Another time was when I accepted an invitation to teach an evening class for the students who were going to take the university entrance examination. The exam was in 3 months’ time. With all enthusiasm, I started the course with careful and detailed explanation of the whole system of English syntax. However, two of the students quit the class after my two lessons. I felt so sad because there was no precedence for that in my so far teaching career. I started to look for the reason by asking one of the students in the class after the lesson. She revealed that those two students did find the lessons too easy for them, and they had expected to have knowledge of higher standard from my lessons. I kept quiet for a while and thought I had failed to be a good teacher this time. I should have known that teaching is a process of identifying individual students’ needs and satisfying them with the most effective methods.
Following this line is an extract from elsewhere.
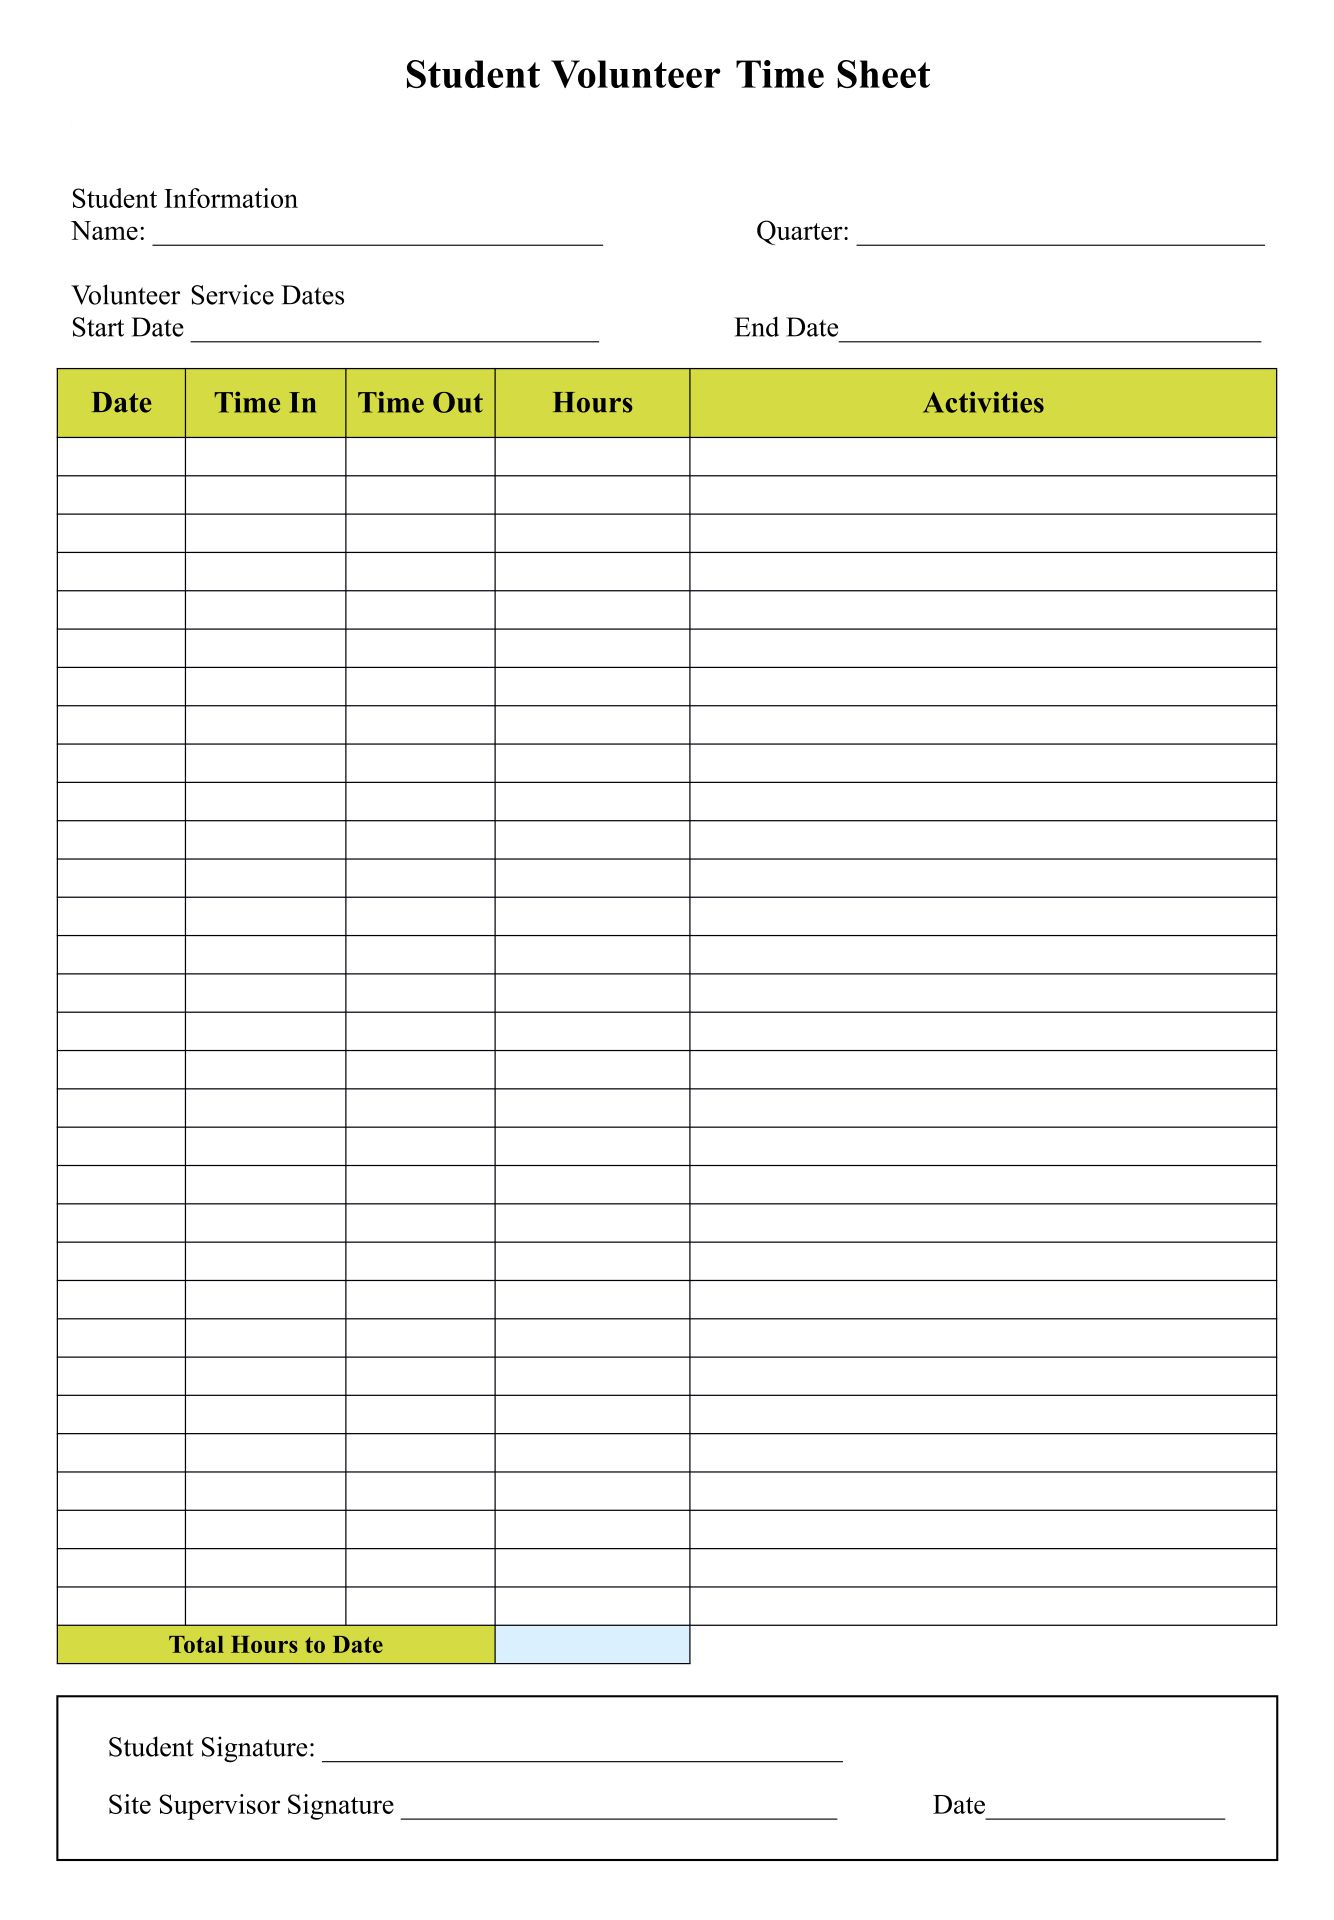 8-best-images-of-blank-printable-timesheets-free-download-weekly-askxz
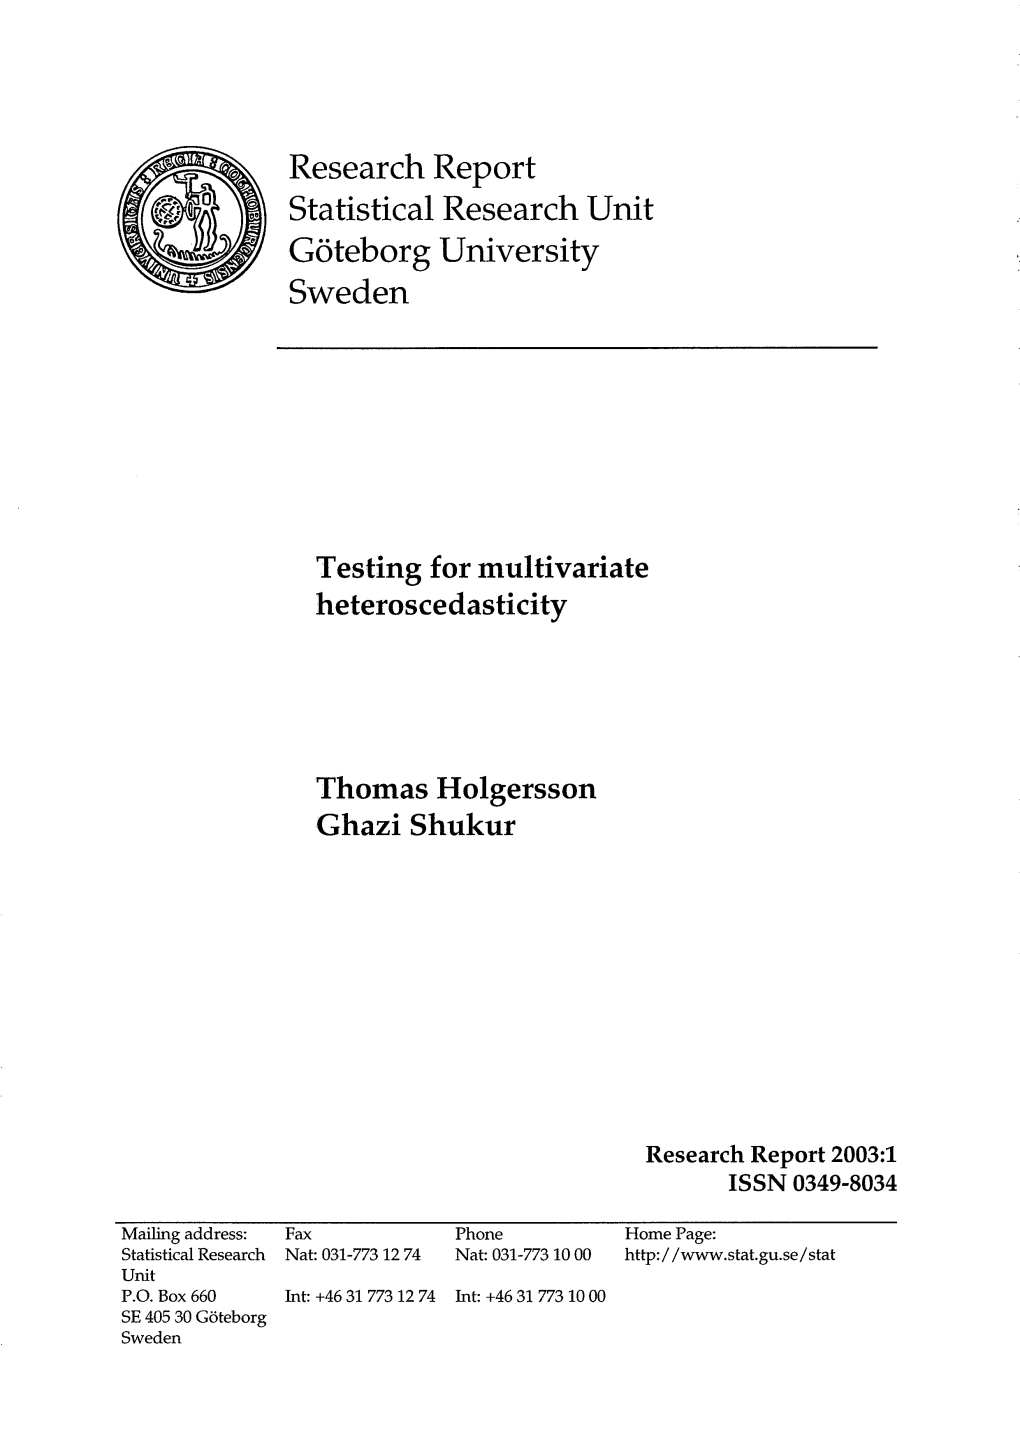 Research Report Statistical Research Unit Goteborg University Sweden

I decided to start an investigation into my students’ needs and made a detailed plan to use different teaching methods and techniques to be able to satisfy their different needs in my lessons.

What is more, the first time I was invited to teach Vietnamese Standard 2 classes in X school was when the key teacher there was on leave for her mother’s death. When the teacher came back, we shared these classes. However, the students wrote to the school director to ask for my lessons only. I had no chance to know their reasons. It was not until the last day of the course when the students wrote to me that I realized how much impression I had made on them. They wrote: “Ms. V, we are so lucky to have you as our teacher of Vietnamese. Up to our middle age, this is the first time we have looked forward to every of our lessons. You are a clever teacher who is able to make your lessons to be a dialogue of life and help your busy students like us to memorize the lessons right in the class. You are a charming Vietnamese woman who can bring here in the class a charming Vietnam image and spirit. You are also a good mother who can feel how hard we have to try to learn Vietnamese at this time when we have family and children to take care of after working hours at office.” I finally understand that teaching is not only touching my students’ mind but also touching their hearts and souls.

In my language teaching career, I have found that this philosophy really works. Failures and successes in my teaching are really contributions to the identification of my teaching philosophy.